The Book of Man: Readings on the Path to Manhood [Hardcover]

Thursday, July 26, 2012

Public Speaking-" Picture Them Naked " And Other Stupid Ways To Get Over A Fear Of Public Speaking

Public Speaking-" Picture Them Naked " And Other Stupid Ways To Get Over A Fear Of Public Speaking


Nervous first-time public Speakers have long been told a number of "creative" ways to help them get past the fear of public speaking. As a speech coach, communication consultant, and a professional Speaker myself, I can tell you these creative bits of advice designed to help you get over being scared are not only stupid, but will likely hurt you and make you feel worse.

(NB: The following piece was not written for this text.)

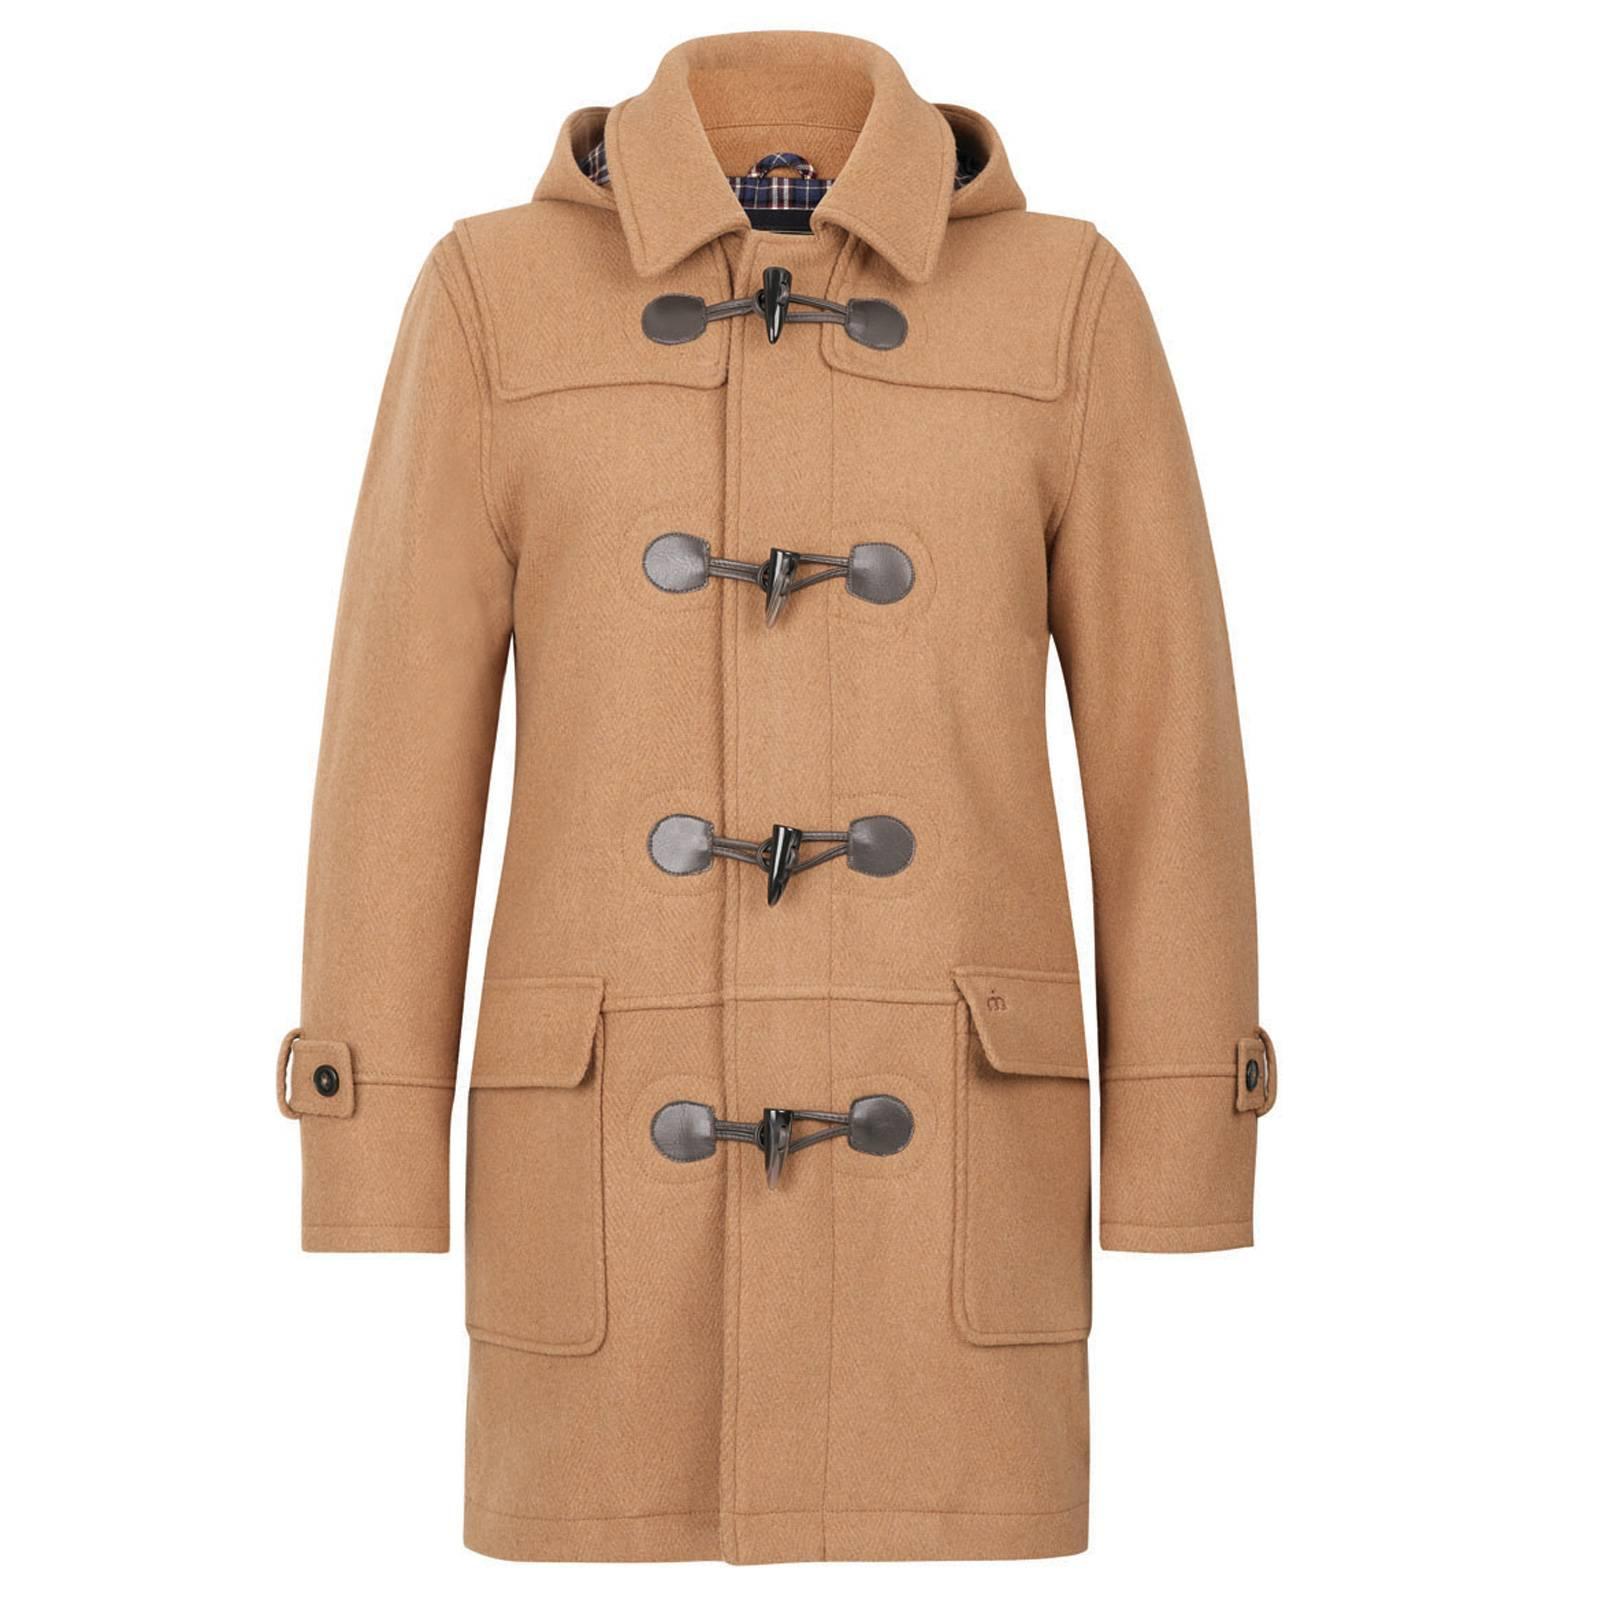 Дафлкот BluefieldКуртки под заказ<br>Аутентичное пальто-дафлкот прямого силуэта из толстой шерстяной ткани, с отстегивающимся капюшоном и хлопковой подкладкой орнамента &amp;amp;quot;тартан&amp;amp;quot;, выполненный в лучших классических традициях дизайна и производства этой легендарной модели casual гардероба, перекочевавшей в повседневную моду из униформы Британского Королевского флота времен Первой мировой войны. &amp;lt;br /&amp;gt;<br>&amp;lt;br /&amp;gt;<br>Благодаря плотной, сохраняющей тепло основе, выдерживает практически любые морозы, несмотря на отсутствие утеплителя. Его можно носить с джинсами или брюками, одевать поверх костюма на работу или с трикотажем и обувью типа Desert Boots. Непромокаемый и непродуваемый дафлкот Merc прослужит вам верой и правдой долгие годы.&amp;lt;br /&amp;gt;<br>&amp;lt;br /&amp;gt;<br>Об истории дафлкота мы рассказали в Блоге.<br><br>Артикул: 1112201<br>Материал: 70% шерсть 30% нейлон<br>Цвет: верблюжий<br>Пол: Мужской

Public Speaking-" Picture Them Naked " And Other Stupid Ways To Get Over A Fear Of Public Speaking

Public Speaking-" Picture Them Naked " And Other Stupid Ways To Get Over A Fear Of Public Speaking

Public Speaking-" Picture Them Naked " And Other Stupid Ways To Get Over A Fear Of Public Speaking


Public Speaking-" Picture Them Naked " And Other Stupid Ways To Get Over A Fear Of Public Speaking



Public Speaking-" Picture Them Naked " And Other Stupid Ways To Get Over A Fear Of Public Speaking

In no particular order, here are the three most common--and stupidest--ways people say to get past feeling nervous. When you hear these, run from the other person and DO NOT TAKE ANY ADVICE FROM THEM!!! (sorry to yell).

1. "Picture them naked."

This seemingly pornographic advice refers to imagining your audience in some position that lowers their perceived power. Othervariations on this theme include "Picture them in their underwear" and "picture them on the toilet." To all of these (and especially that last one about the loo), I say, "Ew." And how distracting! Not only do you have to remember your speech but now you have to visualize people in unflattering positions? No thank you. What's better? Visualize yourself delivering your speech calmly and confidently. And as for what to do with your audience? Look at them as people interested in hearing what you have to say and strive to make a connection with them.

2. "Instead of making eye contact look at their foreheads/chin."

Or Look at the back of the room. " (Really?) People do notice if you're not looking them in the eye. Unless you are in a large auditorium on a sTAGe toremoved from the audience, people will be able to tell if you are avoiding eye contact. And then they will not trust you and you will lose rapport quickly. Find people who seem genuinely interested in your presentation and speak to each one individually during your speech.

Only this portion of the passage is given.